This sounds sort of akin to rationalism vs. empiricism. Rationalism seems sort of Ti, and empiricism seems sort of Te.
and yet we
just saw 3 NTPs gathering and building on empirical sources to figure things out throughout a discussion
were we all typed incorrectly? i doubt it.
did we not use our Ti? yes, yes we did.
real people outside of personality pages will go for internal logic or empirical evidence depending on the situation.
all other metaphors seem to have the same failing:
people switch between "bottom up" (Ti) and "top down" (Te) approaches.
people switch between deductive (Ti) and inductive (Te) reasoning all the time.
did i mention the "fact checking" trait? i think both sides have made the claims to that...

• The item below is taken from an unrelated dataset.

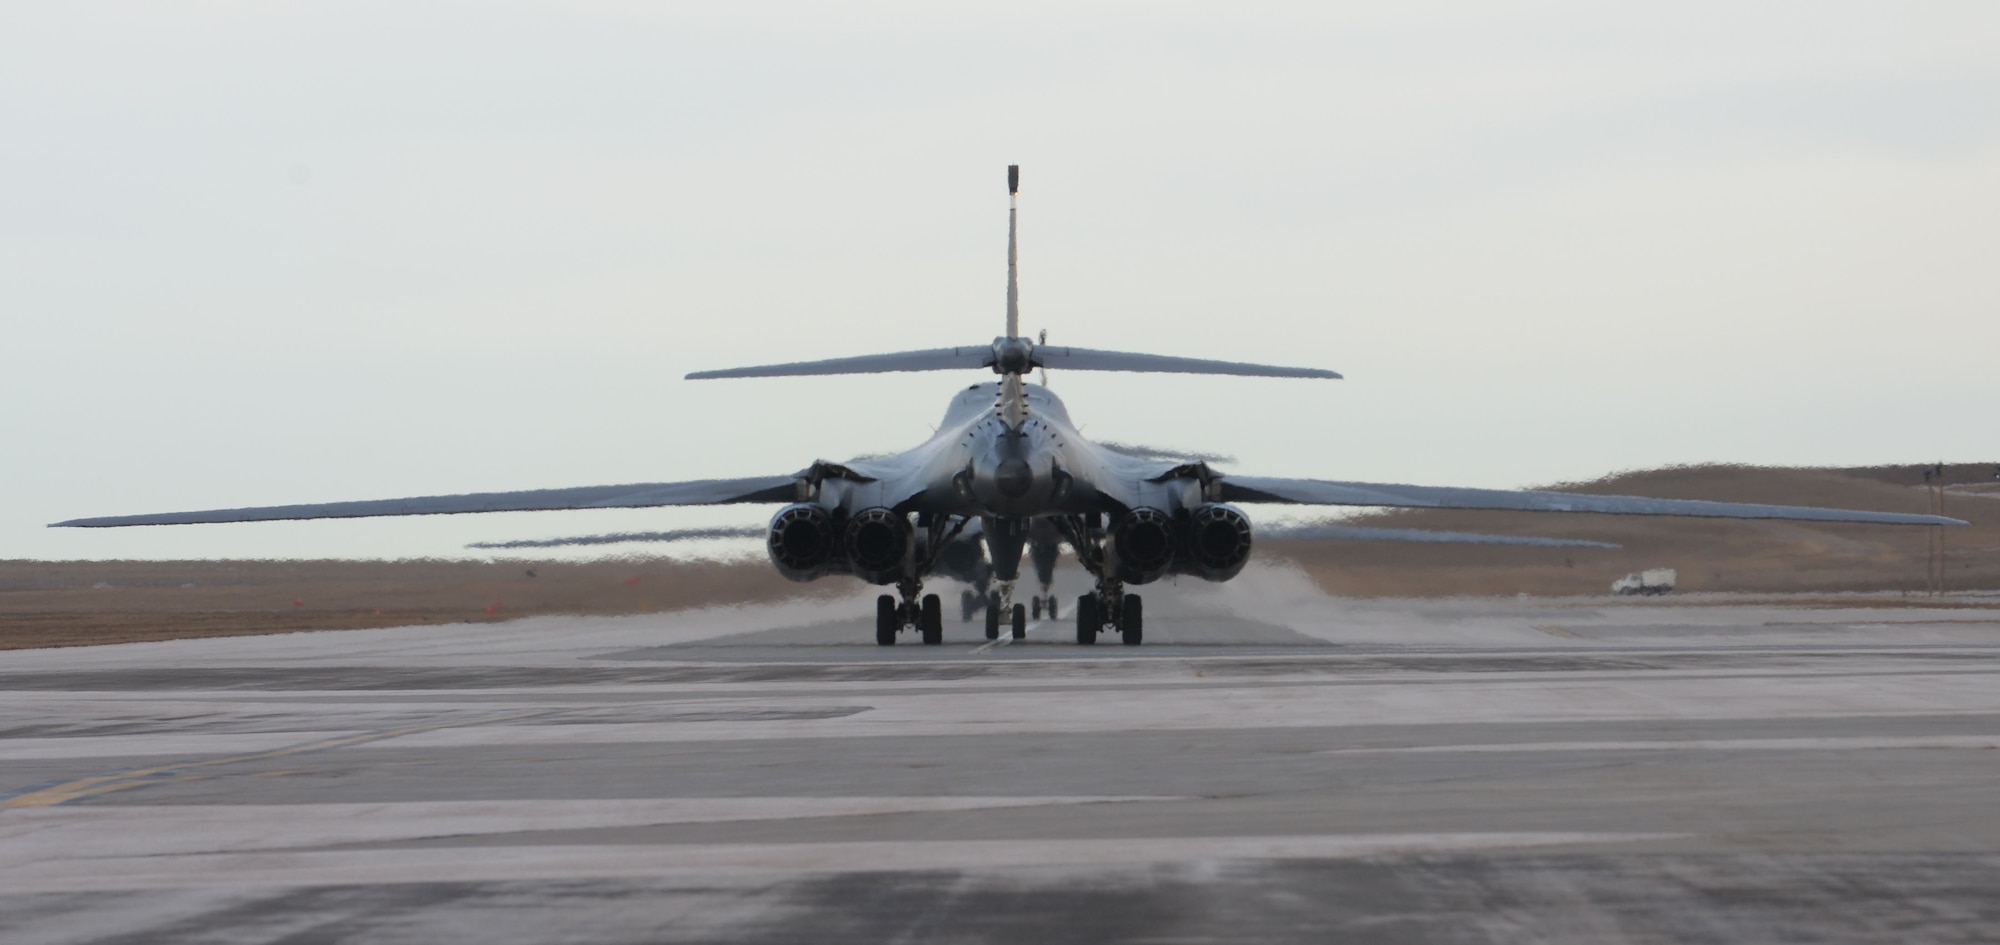 B-1 bombers returning from Andersen Air Force Base, Guam, taxi down the runway at Ellsworth Air Force Base, S.D., Jan. 25, 2018. B-1 bombers from the 37th Bomb Squadron and Airmen from the 37th Aircraft Maintenance Unit were deployed to Andersen AFB, to take part in the Continuous Bomber Presence mission. (U.S. Air Force photo by Airman 1st Class Nicolas Z. Erwin)

the metaphors break down the moment you apply them to any real person... and yet, it would clearly be incorrect to say that the personality differences between TPs and TJs aren't there: we see them in people all around us. even if people do all of the above, there are clearly different intellectual habits built over time, different preferences, even different levels of enjoyment from different kinds of intellectual activities, and similarities on all those levels do indeed seem to center around two dots in the possible-mindspace, each packed with personality traits that have nothing to do with discussions and arguing styles at all.
so what is it?
here's my bet so far:
it's not that Te people are exploring information differently, it's that they aren't really
exploring information in the first place, they are
using the information.
they carry an internal backpack of what constitutes themselves: what they want, what they deem right, how they would like things to be - essentially their Fi - and not being able to see it out there in the real world is a source of cognitive dissonance for them - the stressful wedge between their internal world and the outside world - so they walk through life looking for ways to unpack that backpack. they use their logic as a pathfinding system, making a map of how to go from A to Z. they are more prone to empirical evidence not because they can't see inconsistencies or fallacies, but because empirical evidence is a lot more useful when one is making a mental map in which you plan to walk on.
Ti people? we don't have that backpack to unload, instead we absorb information, and the resulting stressful wedge between our internal world and the outside world - the cognitive dissonance we seek to resolve - stems directly from our own lack of understanding the information we absorb. this is why we explore it, ask dozen questions and when each is answered ask a dozen more, we play around with the information, poke it, feel out it's shape & experiment with it, forming a better definition of it, stretch it to opposite ends and then push them to collide with each other to find out the inconsistencies. we're the ones pushing the red button for no reason other than finding out what it does. it's not that the logic is mechanically different, it's a logical thinking that is trained to satisfy a different sort of need, a different form of cognitive dissonance.